Include here an introduction to linear mixed models

On-farm research networks

Some useful background for the following topic is: (doi: 10.2134/agronj2019.02.0135).

Example: soybean row spacing multi-location trials

This first example is for soybean row spacing. The question is: is there a difference between growing soybean using rows 15 inches apart vs. 30 in apart? The planting density is assumed to be the same so only the configuration of the planting scheme was changed. The experimental design is that of paired strips, but it is organized in different trials located in different farms.
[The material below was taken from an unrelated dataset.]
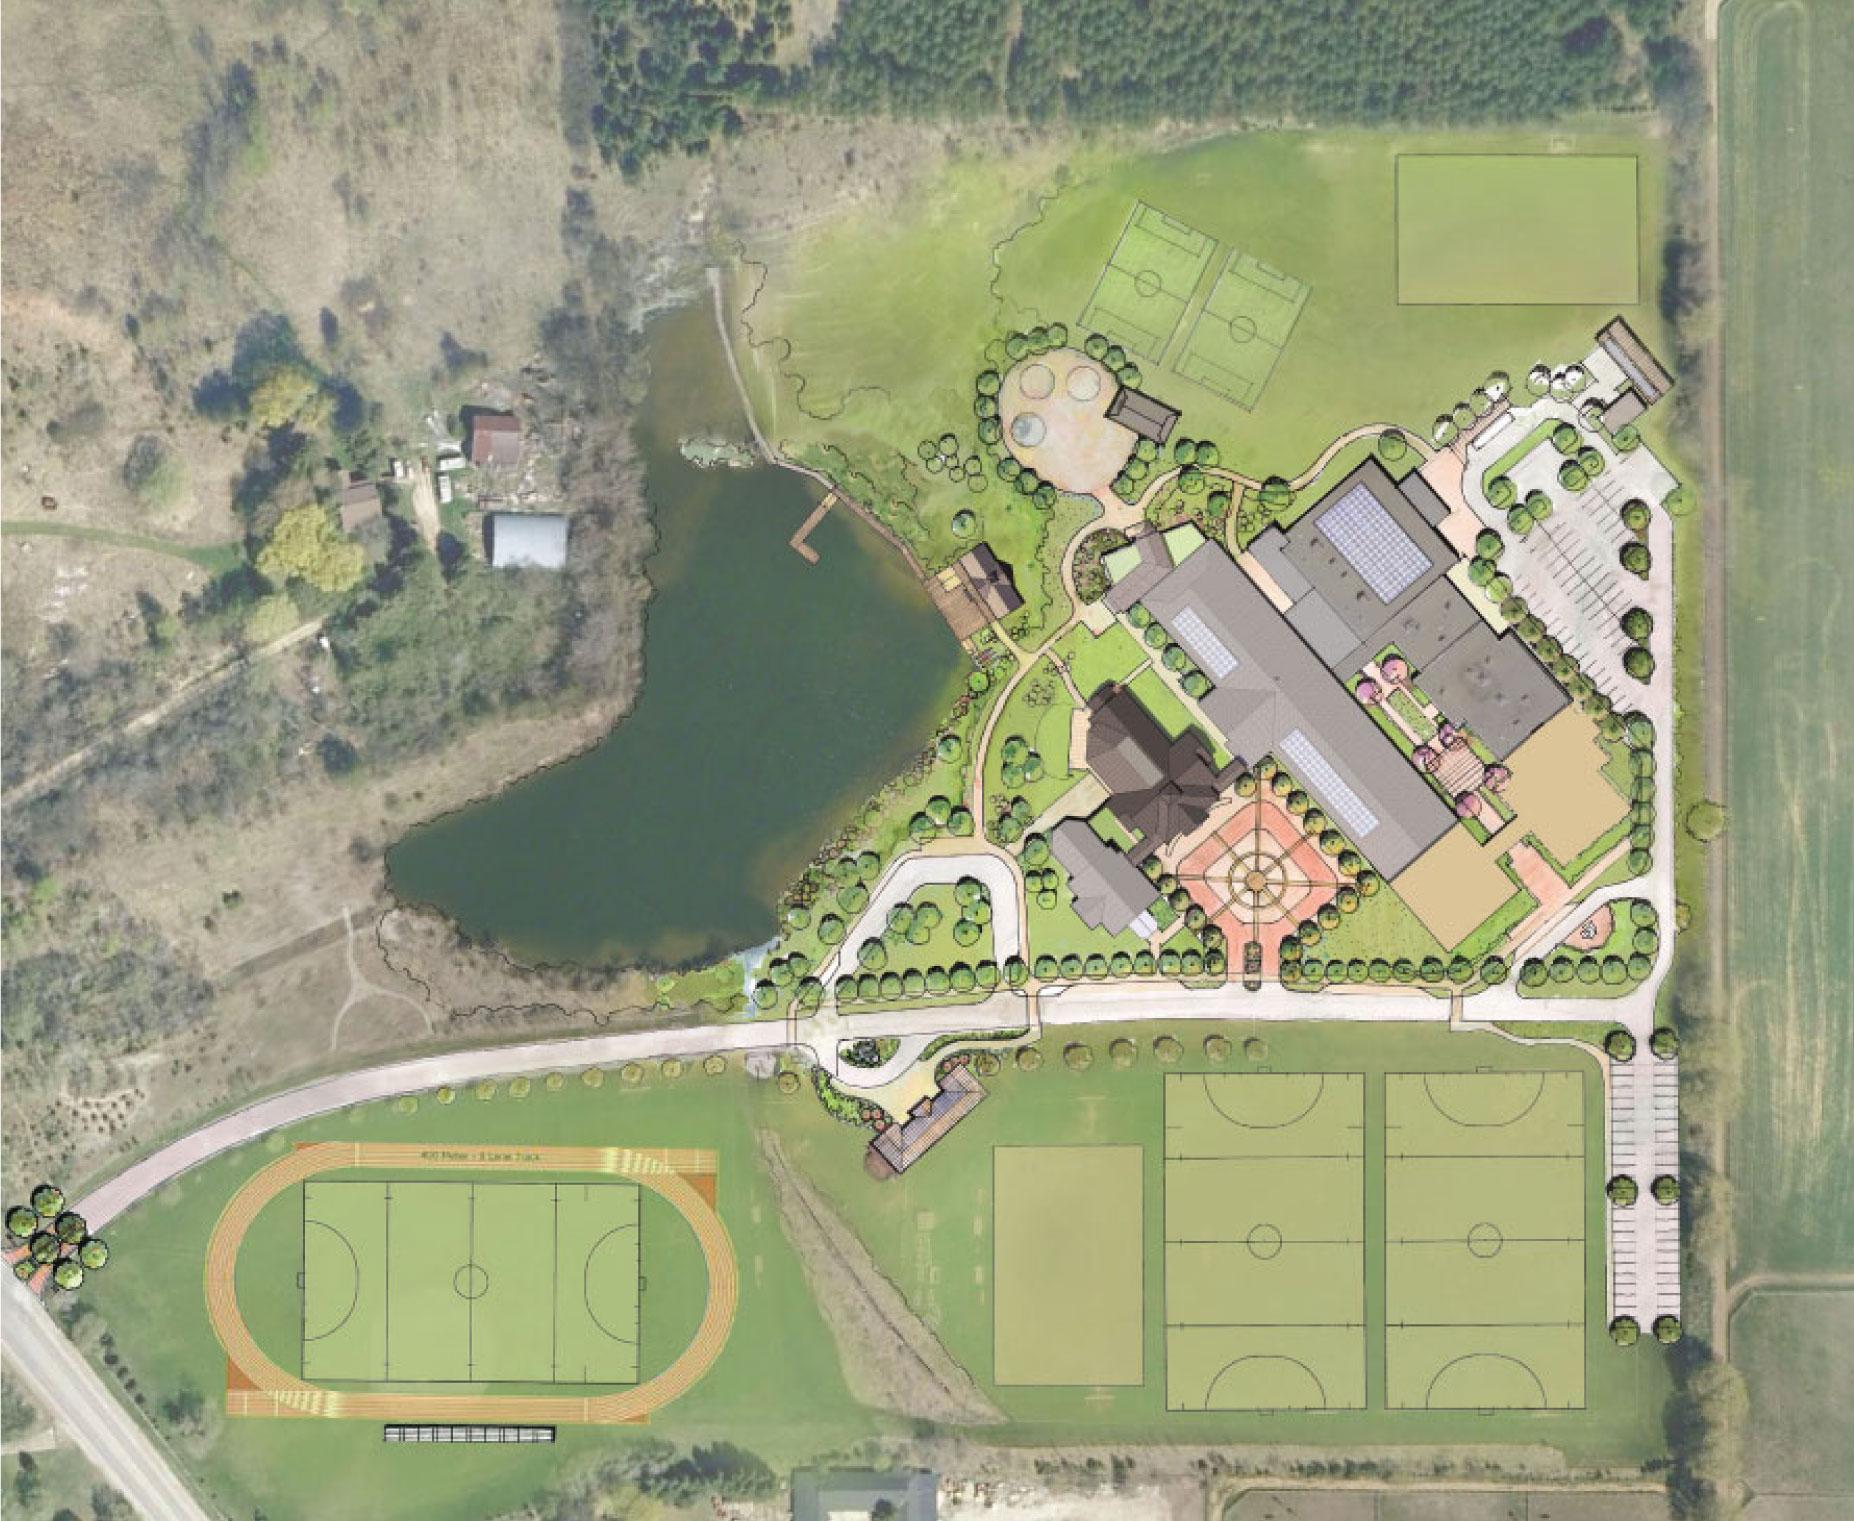 Resized - SJK Aerial View-01.jpg

Each farm/field/trial has unique soils, management history and experiences their own weather conditions. They are all located in Iowa and each season will exert similar effects (e.g. dry vs. wet). It is common to analyze the data as the response ratio, or the yield of the treatment over the yield of the control. Taking the log is common practice.

\[ RR = \frac{Yield_T}{Yield_C} \]

\[ lrr = \log(RR) \]

data("soyrs")
soy <- soyrs
## Select only a subset of data
soy$lrr <- log(soy$TRT1_Yld/soy$TRT2_Yld)
soy.o <- soy[order(soy$lrr),]
soy.o$id <- 1:nrow(soy.o)

Visually, it is hard to make a definite statement, but it would seem that the practice is highly beneficial. We could calculate how many observations were positive and see that around 60% of the observations have a positive outcome. Is this enough to recommend the use of the practice? Answer: no, an economic analysis would be a better tool to make decisions.

round(dim(subset(soy.o, lrr > 0))[1]/nrow(soy.o),2)

## [1] 0.6

There is a clear break which suggests that some of these trials are quite different from the rest. Which variable explains these differences? Almost all of the high values were from year 2014. In addition, we should also investigate how do the observations group with respect to studies.

Almost all of the observations which have a large response are from a single study. It is not uncommon to throw this out and call it an ‘outlier’, but we don’t have a reason for doing this at the moment. What if it truly represents a situation that can occurr again? We should consider it as part of the decision making process.

Confidence intervals for each individual study

The function ‘tsum’ is in package ‘predintma’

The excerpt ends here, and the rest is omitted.